Trawling through The Guardian’s website one afternoon, I found a series called “Experience”, where people are invited to share their unique (read: weird, and often wonderful) stories.
Take the most recent story: a 91-year-old body builder, shown puffing out his chest under a tight, white shirt and wearing weightlifting gloves. It highlights what’s best about this series: Charles Eugster amazes not only with his story but his life-hardened honesty.
He talks about realising, at 85, that he was an old man: “I looked at myself in the mirror one day, and saw … [that] I was overweight, my posture was terrible and there was skin hanging off me where muscle used to be.”
Or the story by a woman whose boyfriend is a registered s-x offender. She talks about meeting him and growing to love and trust him.
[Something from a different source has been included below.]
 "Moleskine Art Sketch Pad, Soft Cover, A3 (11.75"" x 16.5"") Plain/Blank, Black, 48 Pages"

She later also reveals she was a victim of s-xual assault as a young teenager.
She trusts her partner’s claim that the assault arose from a misunderstanding and that he only pleaded guilty on his lawyer’s advice. And she understands that “[w]hen I tell people, I see a flicker in their eyes, as if they are trying to make up their minds about him”. Least of all the police, who check in on him and with whom they have to register if they go away for more than three nights.
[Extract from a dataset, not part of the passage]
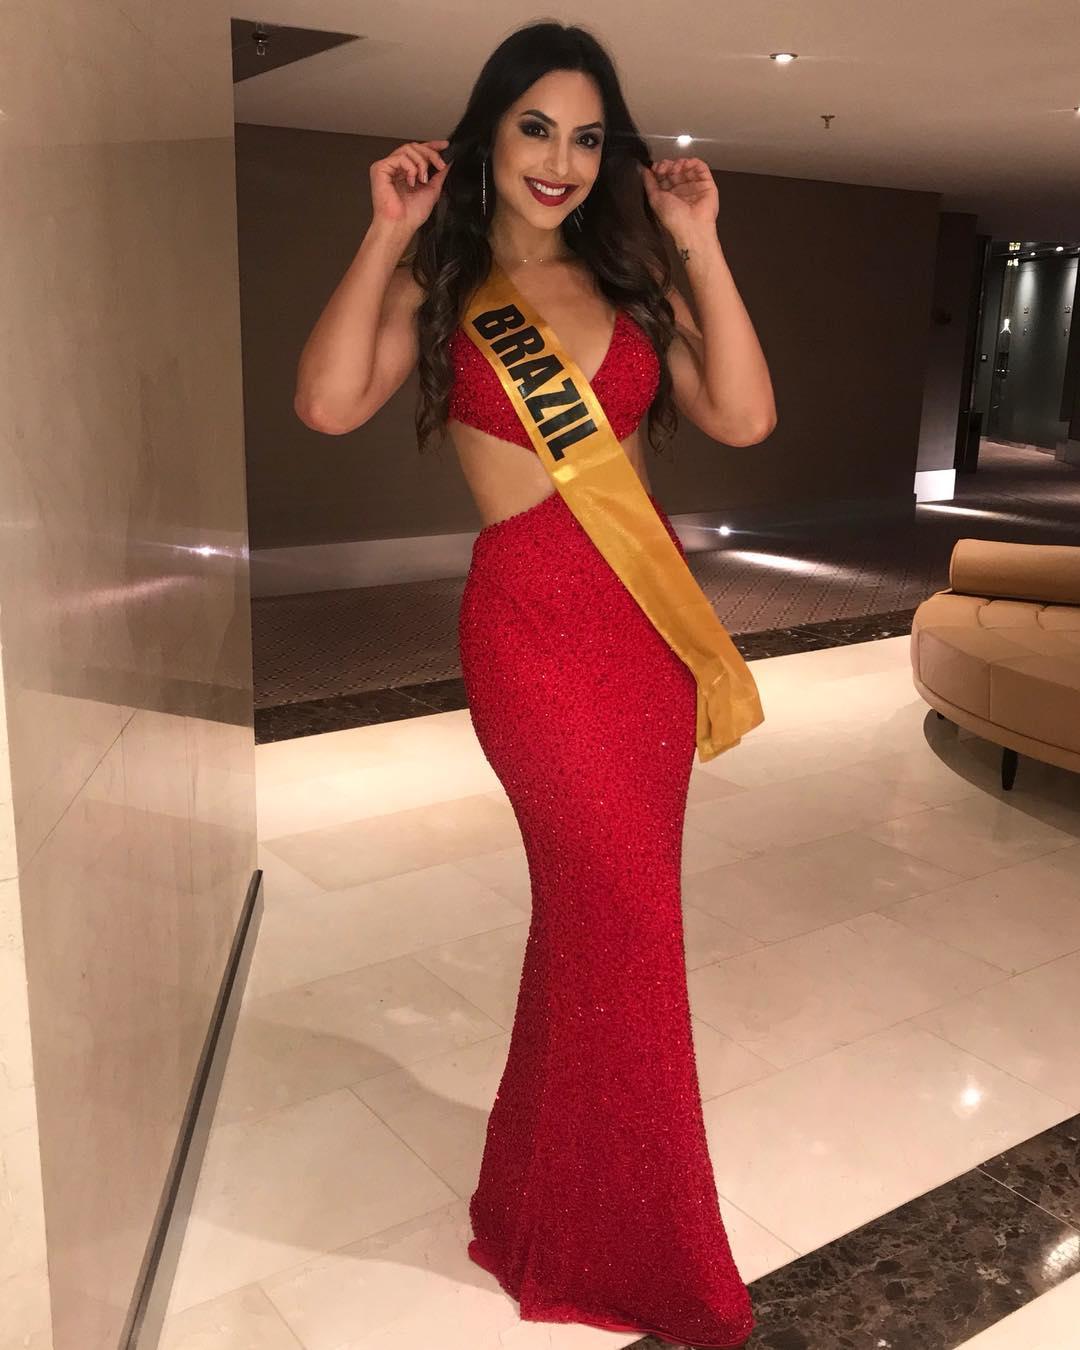 renata puppin, miss polo brasil 2018. - Página 3 39875910

Another man describes the 3m by 2m concrete cell he was locked in alone for 29 years, for a murder he was cleared of in 2001. He calls this kind of sensory deprivation “torture”, which he knew he would only survive if he kept his mind active. So he traded tobacco for the ingredients of praline, boiled the toffee in a drink can atop a toilet paper fire and smuggled them out. Or, he made a chessboard out of toilet paper on his cell floor and call out moves to other inmates.
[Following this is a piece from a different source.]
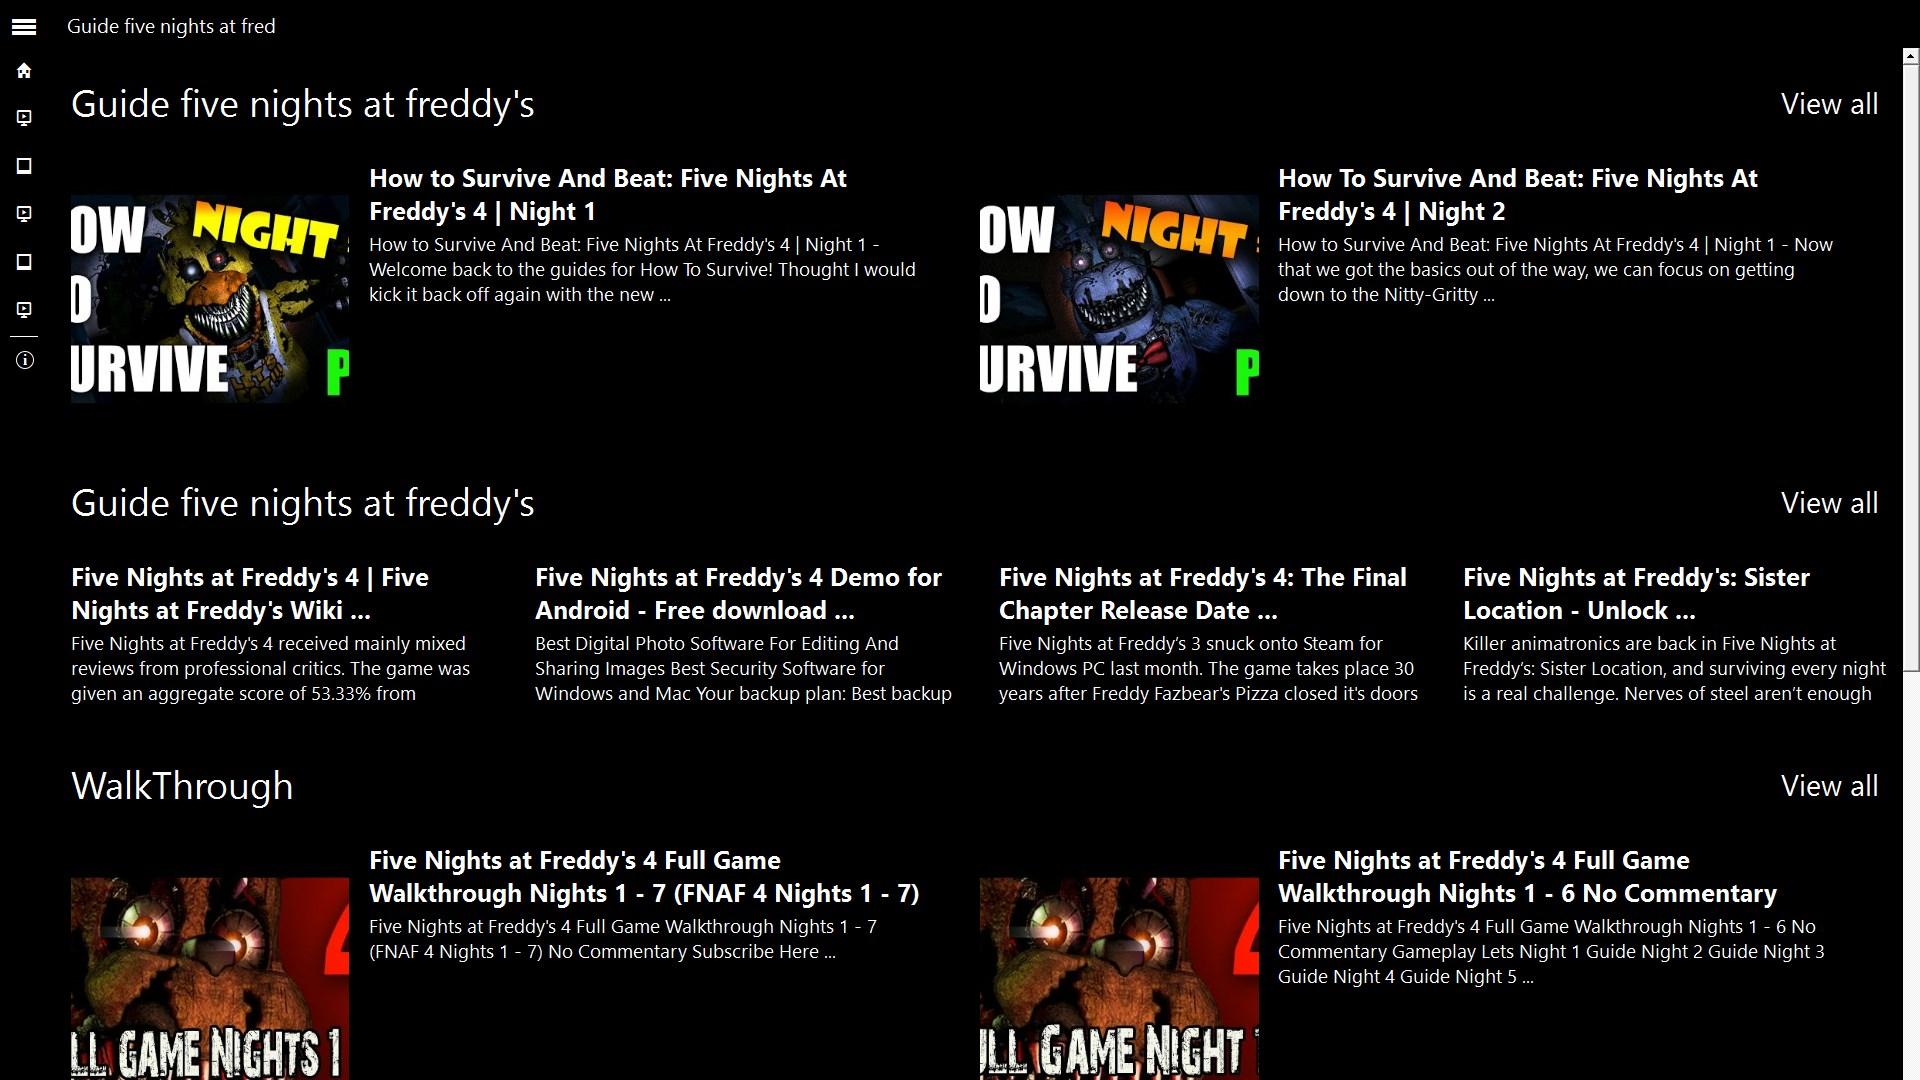 Five nights at Freddys UserGuide | FREE Windows Phone app market

From stories of suffering with a very rare kind a synesthesia called mirror-touch (meaning the woman literally feels others’ pain) to a woman who’s eaten nothing but BBQ potato chips for over a decade, to a man who woke up with a Russian accent or another who hasn’t slept in 37 years, it’s a kaleidoscope of human experience.
The stories first appear in the paper each Saturday, and to date there are almost 250 available online. You can snack on one experience at a time. But chances are that these stories, that pushed me to consider what our bodies and minds are really capable of, and of withstanding, will pull you in for an hour or two.